Six-day-old suspension cultures of BY-2 transgenic lines were induced with 30 μM dexamethasone for 20 h. Cells were pelleted, resuspended in buffer A (50 mM Tris–HCl pH 7.6, 50 mM NaCl, 5 mM MgCl2, 20 μM dithiothreitol, 1% NP-40, 0.05% SDS and protease inhibitors), sonicated on ice and then centrifuged at 10 000 g for 15 min at 4°C. Anti-GFP monoclonal antibodies (Roche) were added to the supernatant, immune complexes were bound to protein G–CL-4B agarose beads and analysed by SDS–PAGE and western blotting according to standard procedures. Blots were incubated with affinity-purified anti-AtRop4 antibody, or with a polyclonal anti-GFP antibody (Molecular Probes), peroxidase-conjugated protein A (Pierce), followed by antigen detection using a chemiluminescent substrate (Pierce). AtRop4 antiserum was used in a similar way but using protein A–CL-4B agarose beads.

Immunolocalization and confocal microscopy

Whole mount immunofluorescence staining of Arabidopsis seedlings was performed according to Müller et al. (1998). Immunofluorescence detection of actin and tubulin in Arabidopsis seedlings was performed using the freeze-shattering procedure according to Braun et al. (1999).

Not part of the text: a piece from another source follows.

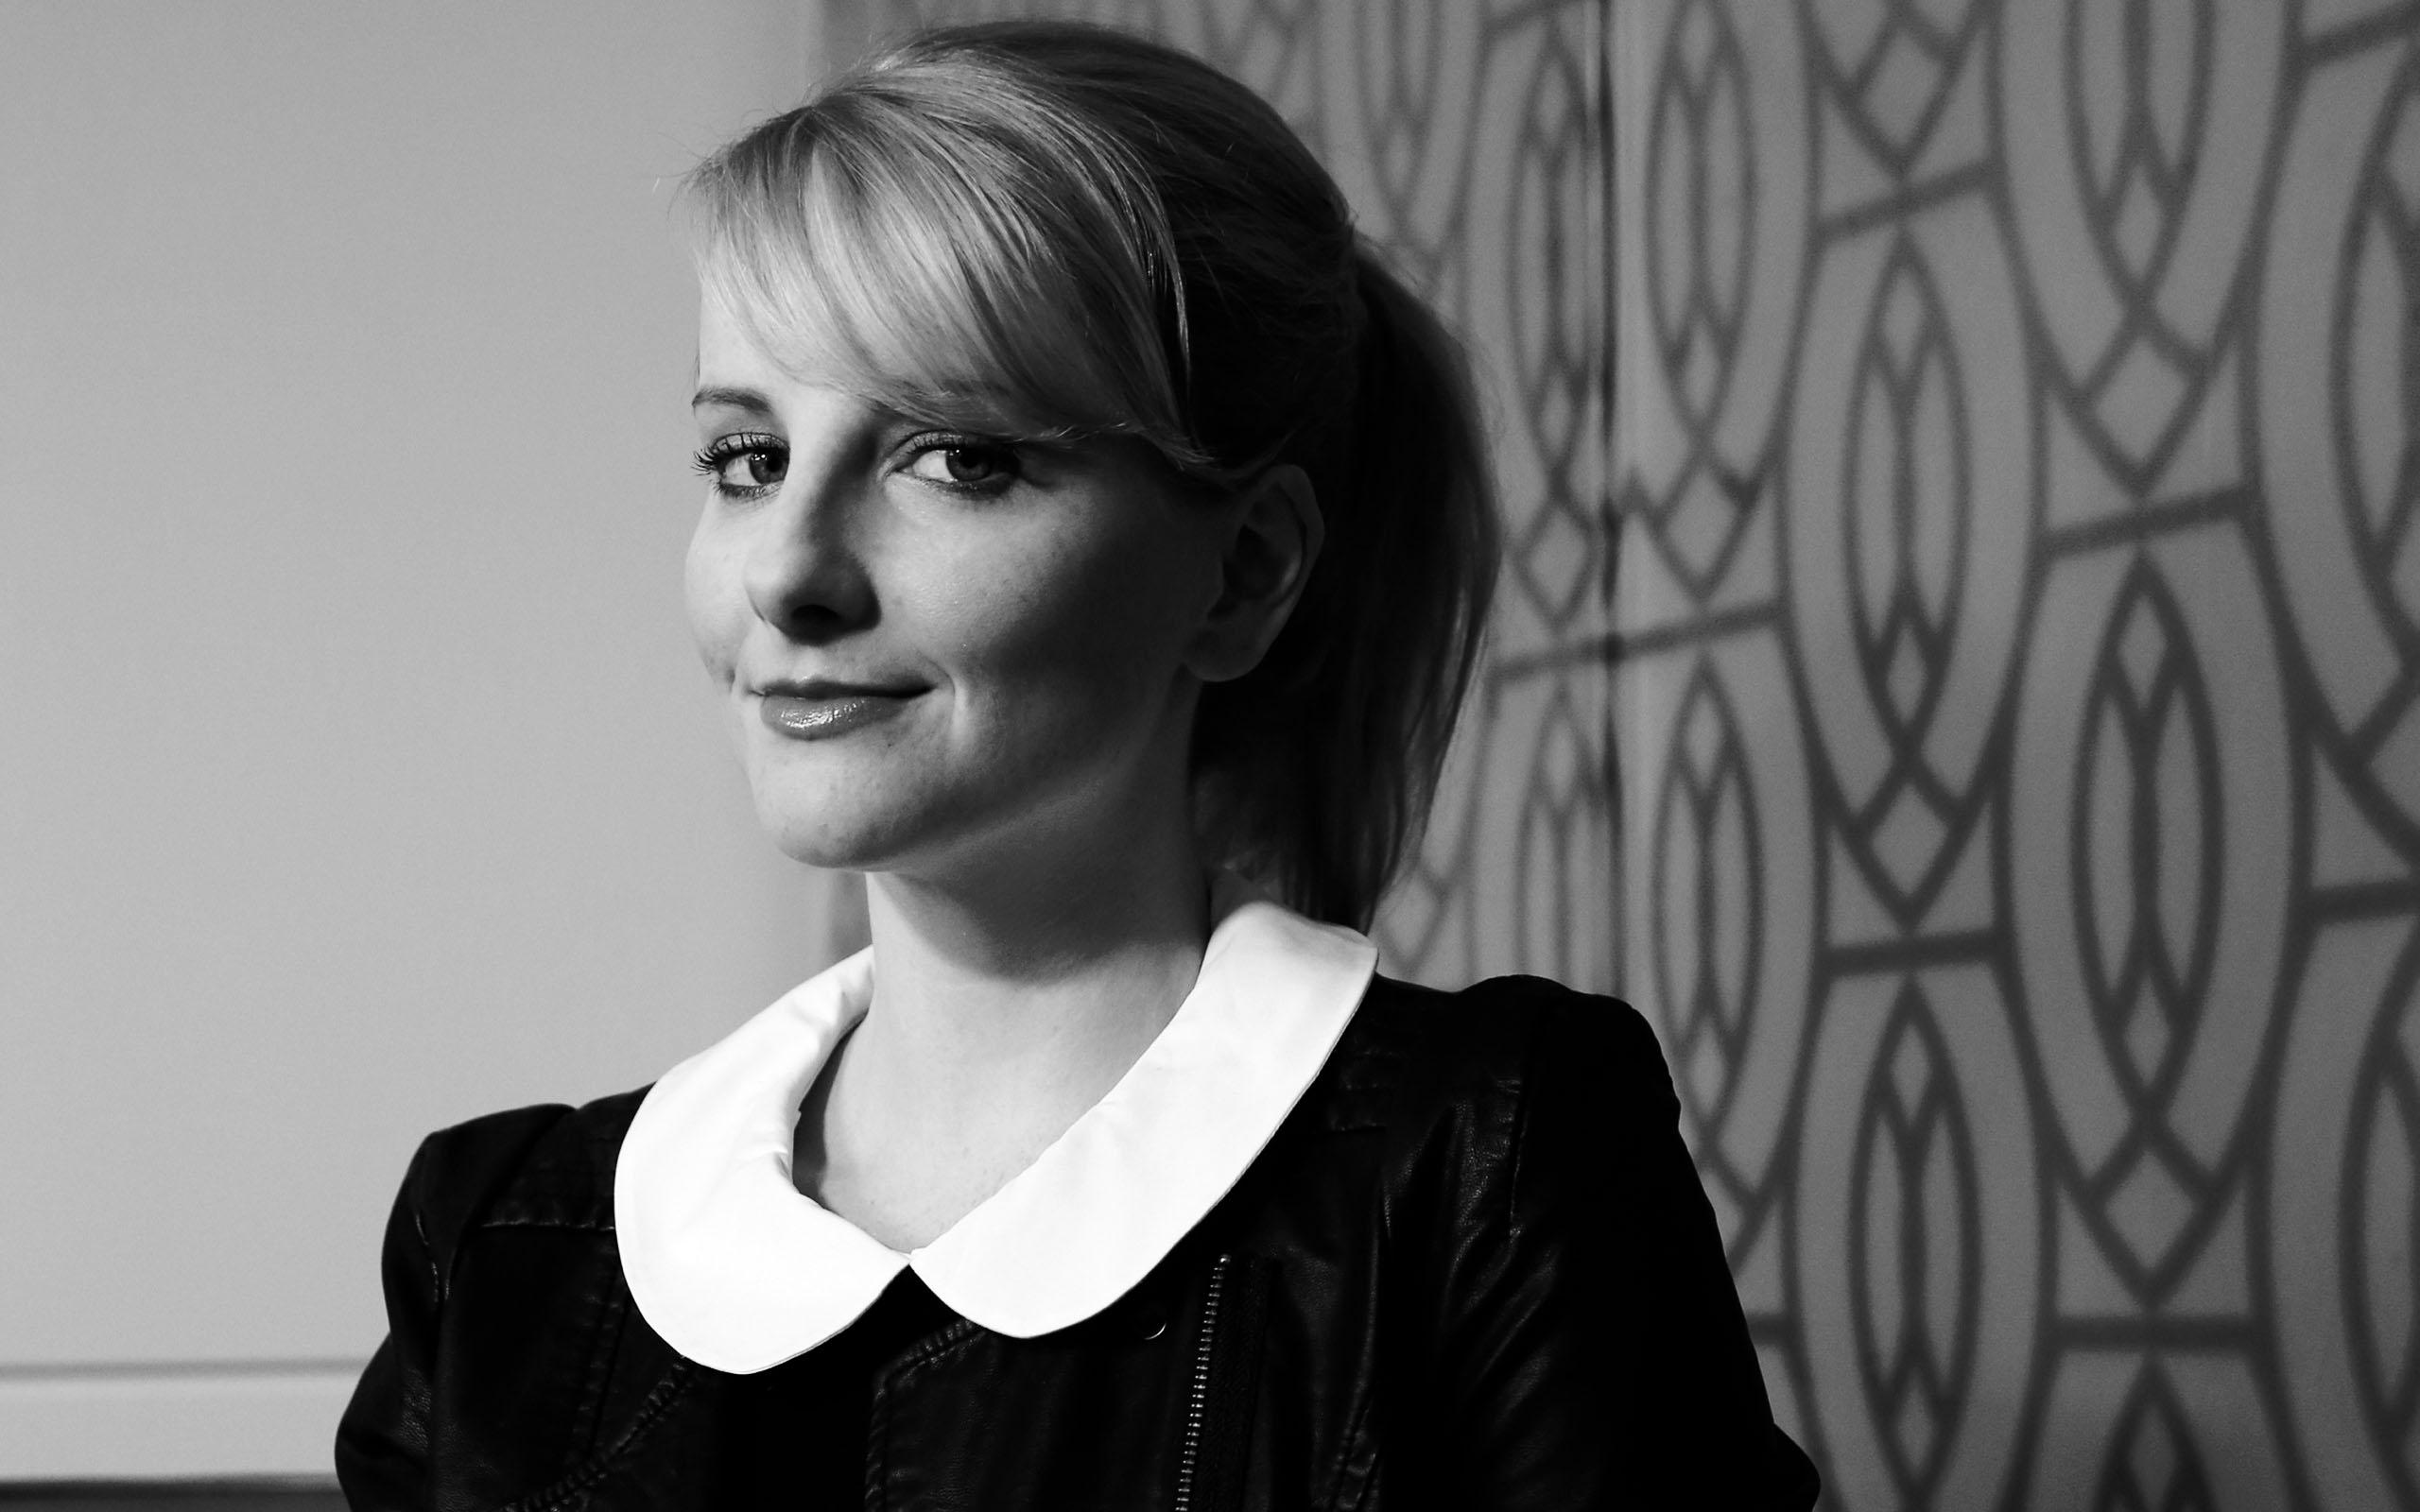 Wallpaper Melissa Rauch Blonde Monochrome Actress 2560x1600

Cytoplasmic [Ca2+] measurements

Root cells were microinjected with the fluorescent Ca2+-indicating dye Indo-1 conjugated to a 10 kDa dextran (Molecular Probes, Eugene, OR), and [Ca2+] was monitored by confocal ratio imaging, according to Wymer et al. (1997). When roots were induced with 10 μM dexamethasone, only cells showing GFP expression were used in subsequent microinjection and [Ca2+] measurements. In situ calibration using 10 μM Ca2+ ionophore (Br A23187) and a range of BAPTA Ca2+ buffers (Wymer et al., 1997) indicated that the responsiveness of Indo-1 to changes in [Ca2+] was unchanged in the GFP-expressing cells.

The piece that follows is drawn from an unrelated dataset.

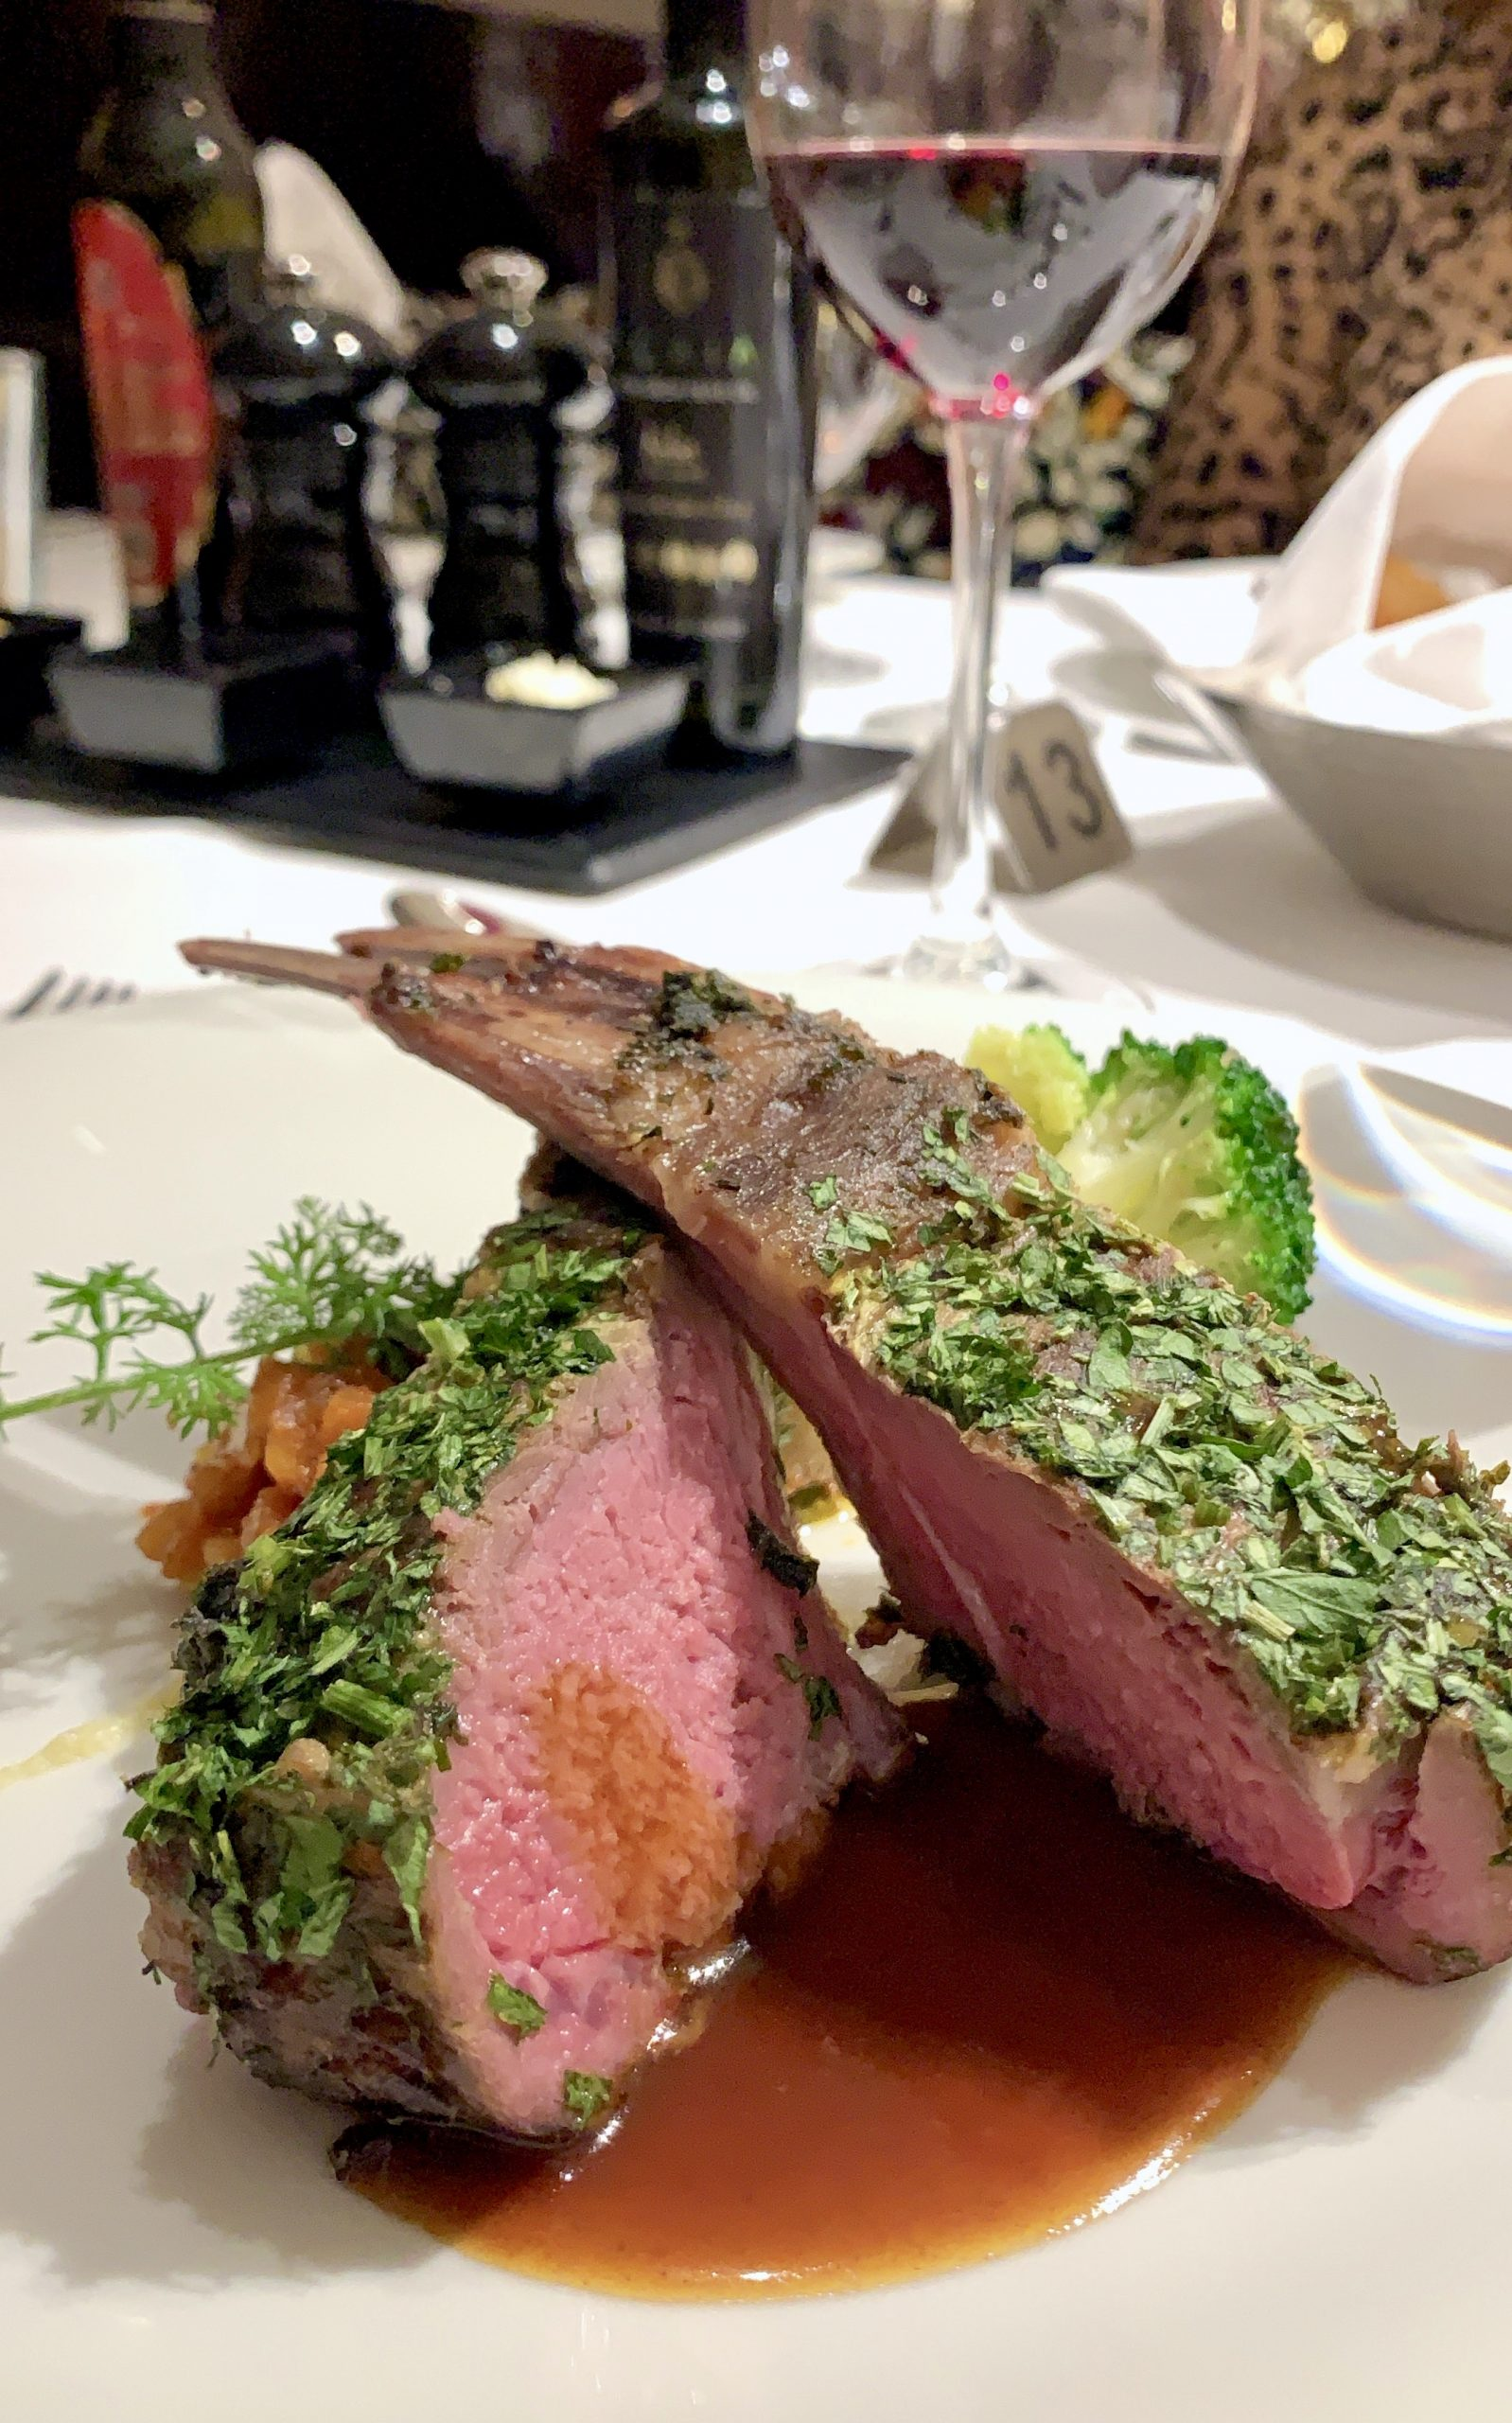 Chaine de Rotisseurs dinner lamb

We thank Drs Frantisek Baluška, Matthias Godde, Peter Huijser, Lars Vahlkamp and Dieter Volkmann for help, criticism and constructive reading of the manuscript. We are grateful to Dr N.-H.Chua for providing us with pTA7002. The work was funded by the DFG, the European Communities Biotechnology Programme (Bio4-CT98 0239) and the INCO Copernicus Programme (IC15-CT96-0920). C.S.V.R. is the recipient of an Alexander von Humboldt fellowship and J.F. of a DAAD fellowship.